L’armée US recrute de hauts cadres de la Silicon Valley comme lieutenants-colonels

Quatre hauts responsables de grandes entreprises technologiques comme Meta et Palantir vont prêter serment au sein de la Réserve de l’armée usaméricaine en tant qu’officiers directement commissionnés, au grade exceptionnellement élevé de lieutenant-colonel, dans le cadre d’un nouveau programme visant à recruter des experts du secteur privé pour accélérer l’adoption des technologies.

L’armée appelle ce programme de recrutement d’exécutifs de la Silicon Valley Detachment 201 : The Army’s Executive Innovation Corps. L’un des cadres, Andrew Bosworth de Meta (anciennement Facebook), a expliqué sur X (anciennement Twitter) que le nom «201» faisait référence à un code HTTP indiquant la création d’une nouvelle ressource.

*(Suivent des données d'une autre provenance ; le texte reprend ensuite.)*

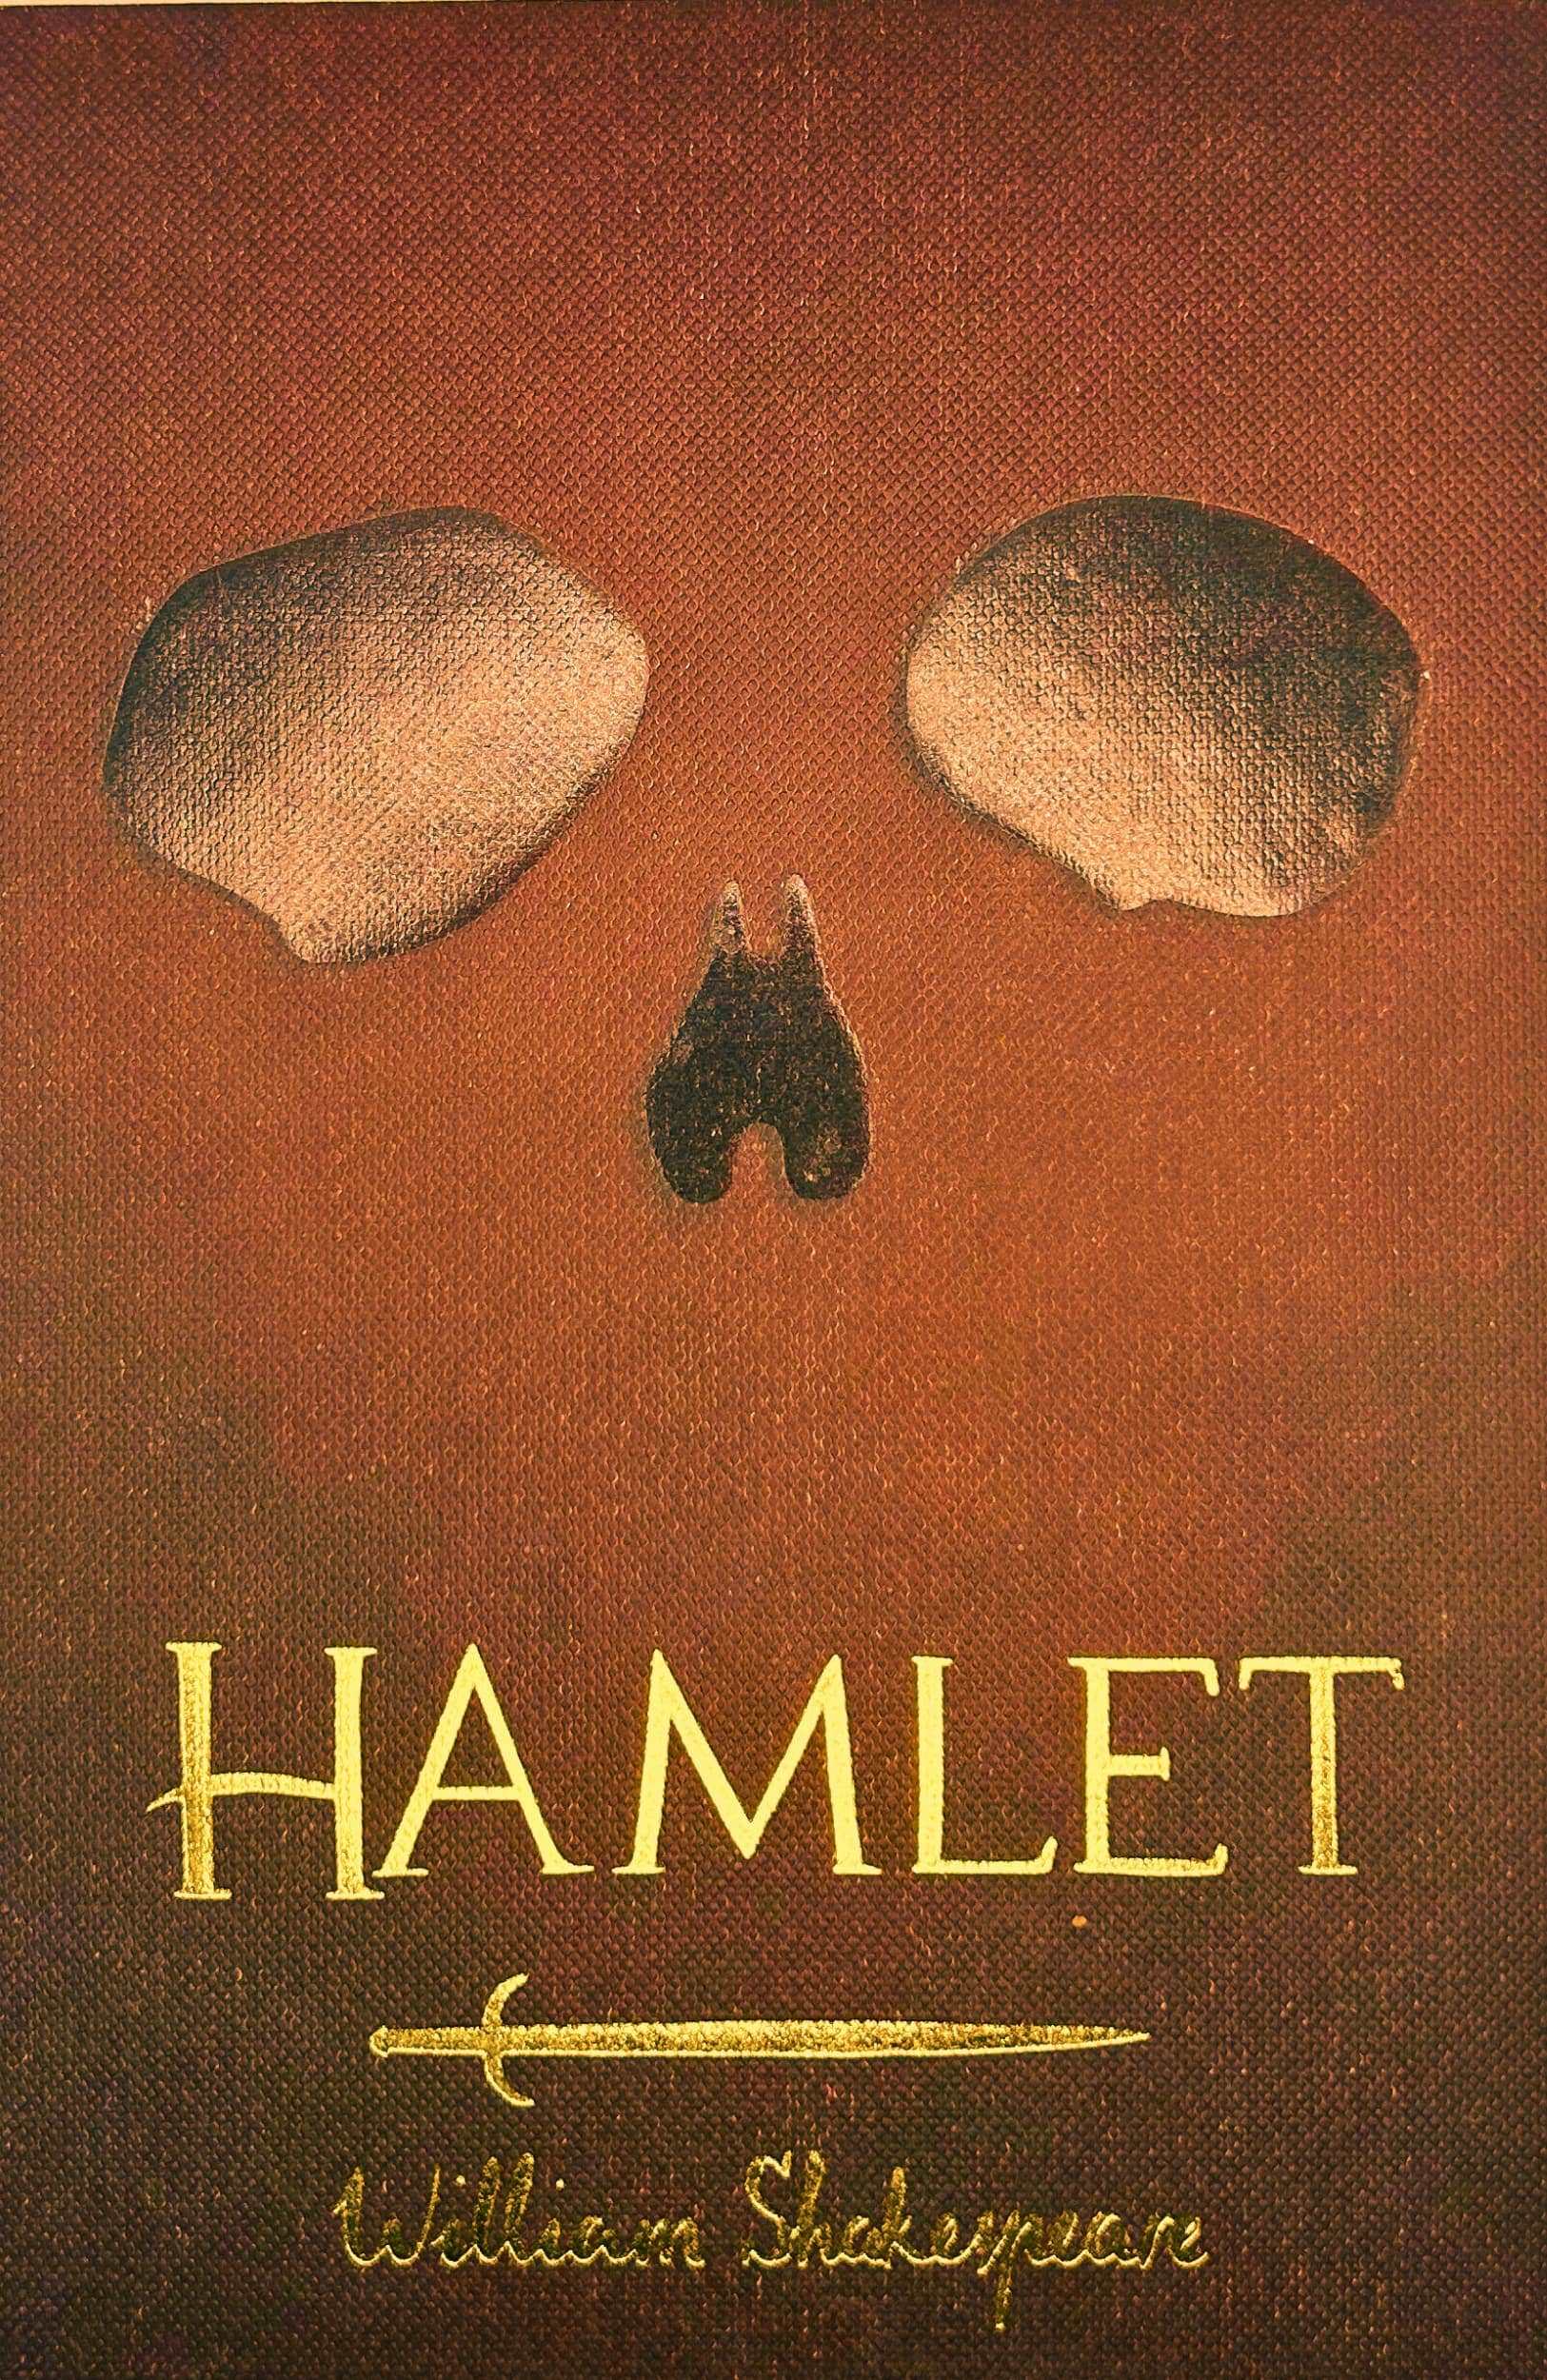 Hamlet | Shakespeare | Wordsworth Collector's Edition | Book

Les nouveaux lieutenants-colonels de réserve sont :

Shyam Sankar, directeur technologique de Palantir
Andrew Bosworth, directeur technologique de Meta
Kevin Weil, directeur produit chez OpenAI
Bob McGrew, conseiller chez Thinking Machines Lab et ancien directeur de recherche chez OpenAI

Ces quatre responsables, qui devaient prêter serment ce vendredi, apportent des décennies d’expérience au sein des entreprises les plus innovantes de la Silicon Valley, ainsi qu’un niveau de richesse personnelle exceptionnel accumulé grâce à leurs carrières.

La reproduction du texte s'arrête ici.